■ What is required: Print the whole listing again exactly, keeping no pictures in it.

■ Source material:
Segment Open

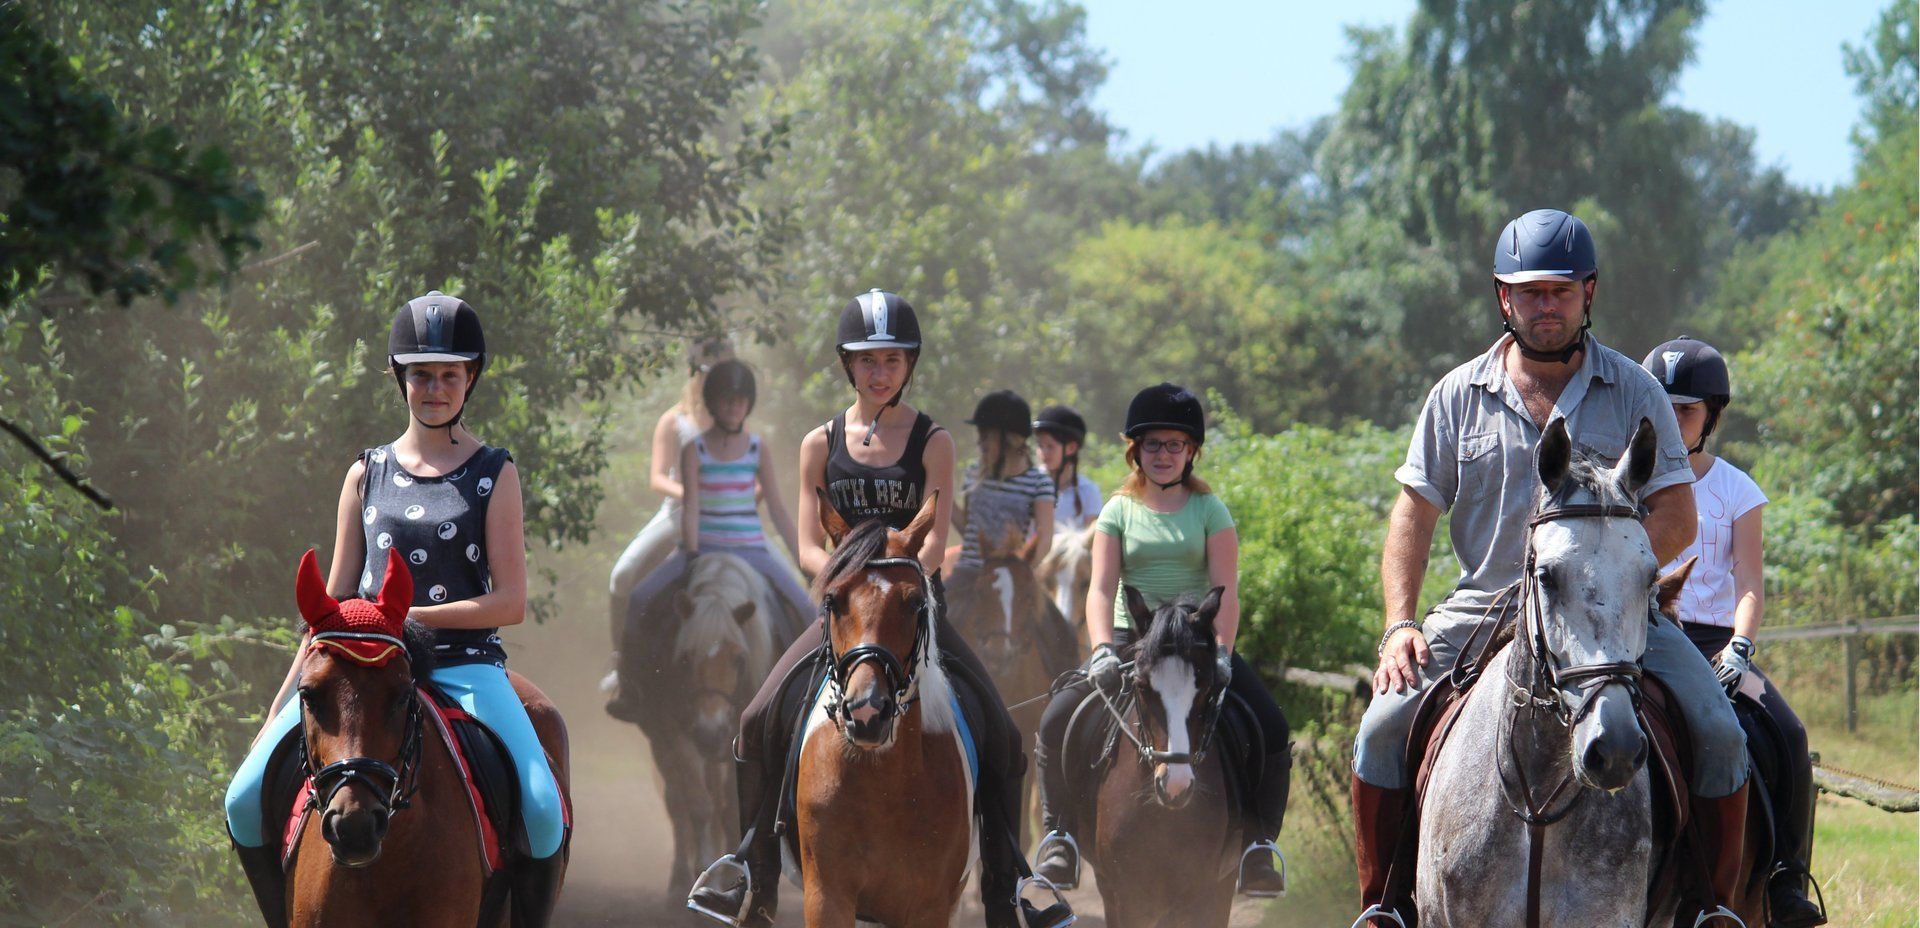 Leren paardrijden voor beginners en gevorderde ruiters
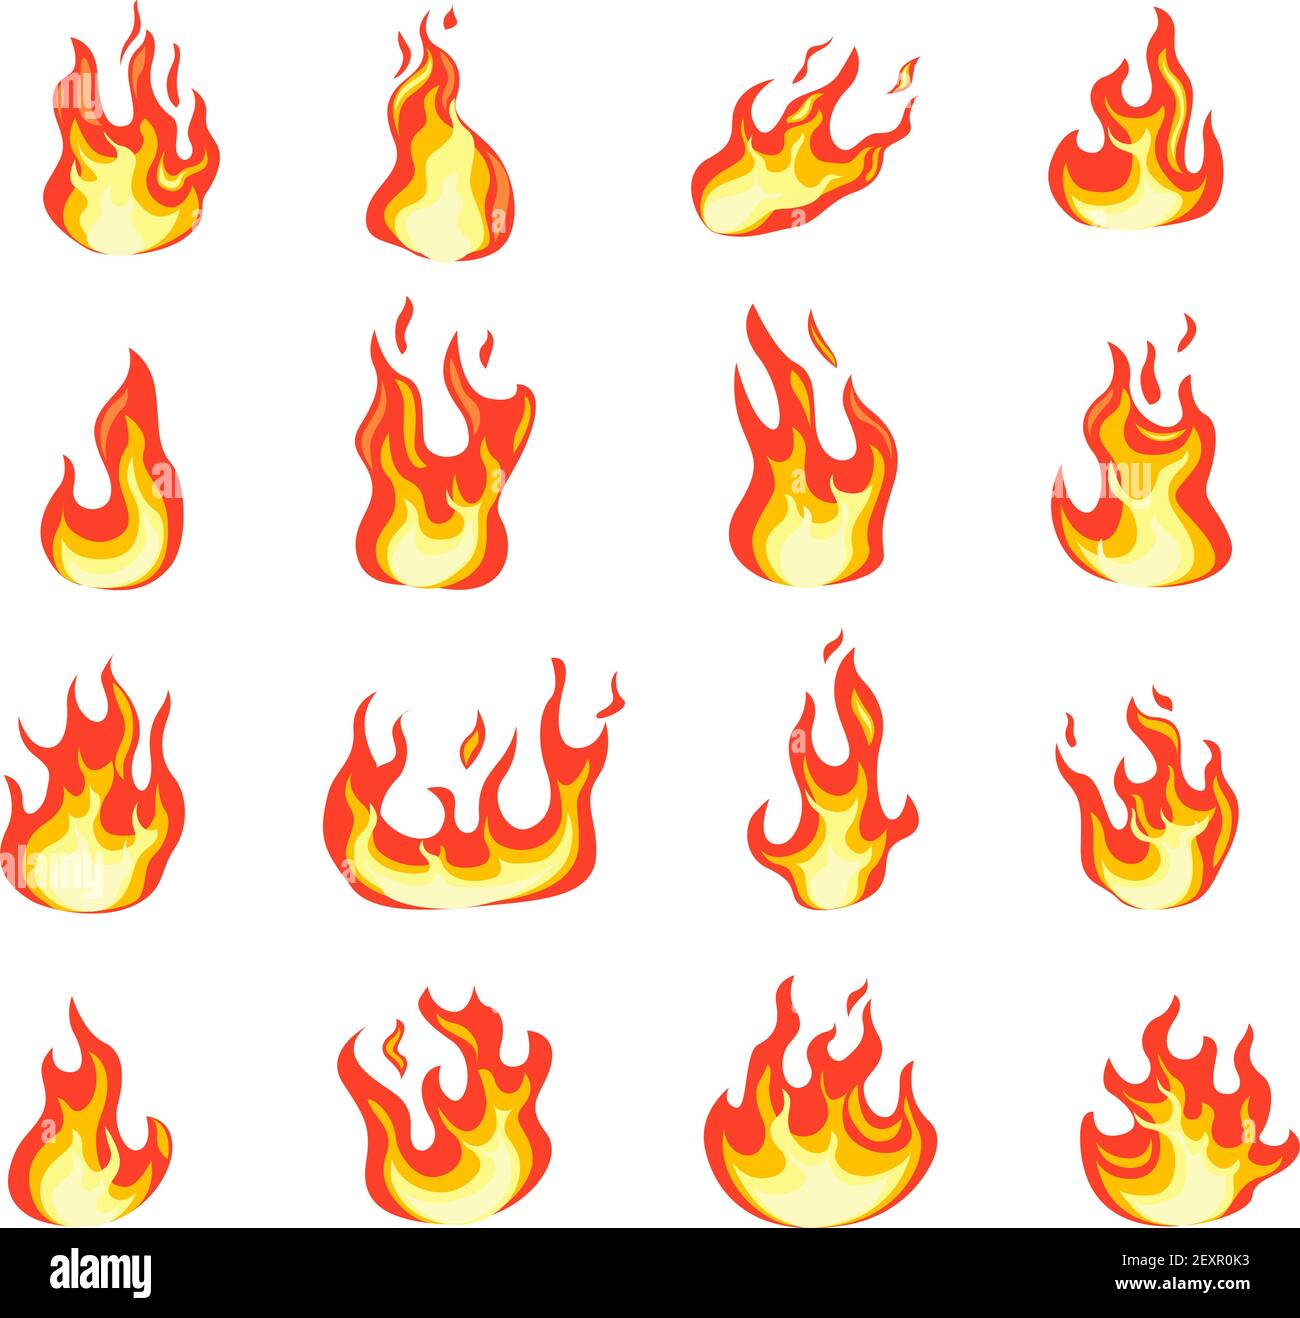 Cartoon Feuerflamme. Feuer komische Bilder, Lagerfeuer flammende Zündung, böse Hölle Flamme. Symbole für heiße Temperatur und Fieber sind flach eingestellt Stock Vektor
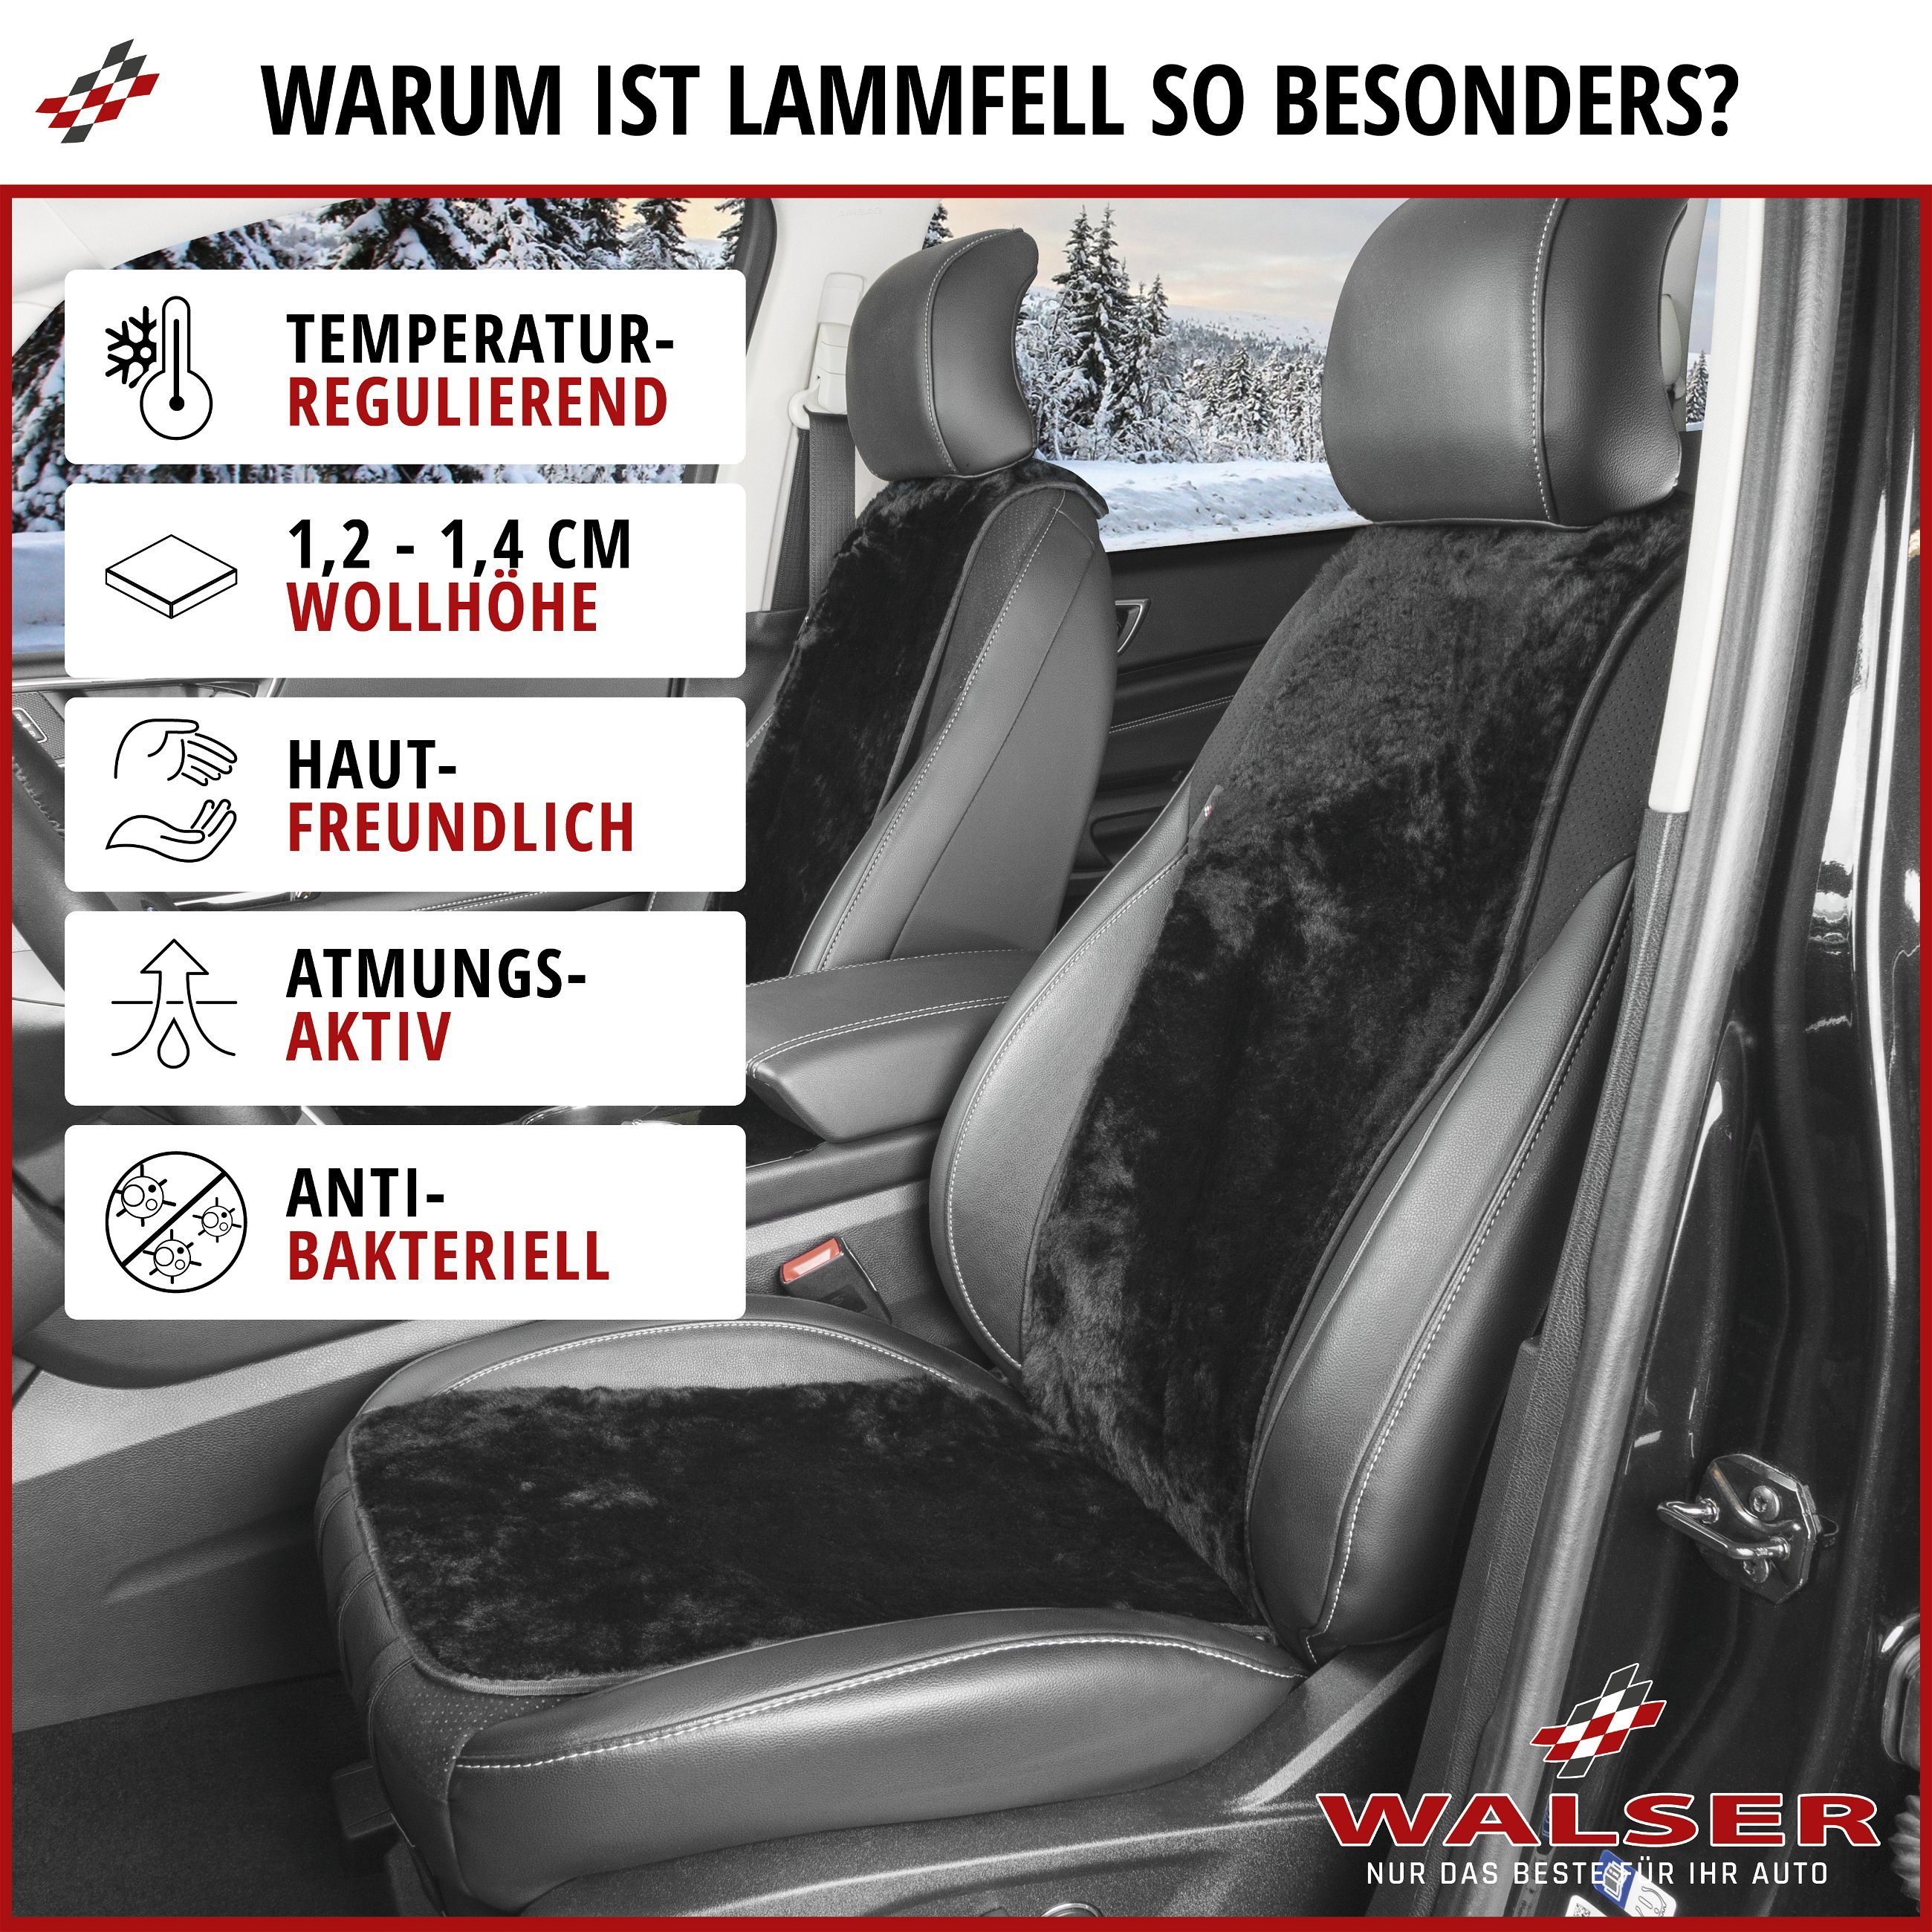 PKW Sitzauflage aus Lammfell Cosmo, Auto-Sitzaufleger, Lammfell-Sitzauflage  schwarz, PKW Sitzauflage aus Lammfell Cosmo, Auto-Sitzaufleger,  Lammfell-Sitzauflage schwarz, Sitzauflagen, Sitzbezüge und Sitzauflagen  für PKWs

Segment Closed

■ Written response:
 Leren paardrijden voor beginners en gevorderde ruiters
 Cartoon Feuerflamme. Feuer komische Bilder, Lagerfeuer flammende Zündung, böse Hölle Flamme. Symbole für heiße Temperatur und Fieber sind flach eingestellt Stock Vektor
 PKW Sitzauflage aus Lammfell Cosmo, Auto-Sitzaufleger, Lammfell-Sitzauflage  schwarz, PKW Sitzauflage aus Lammfell Cosmo, Auto-Sitzaufleger,  Lammfell-Sitzauflage schwarz, Sitzauflagen, Sitzbezüge und Sitzauflagen  für PKWs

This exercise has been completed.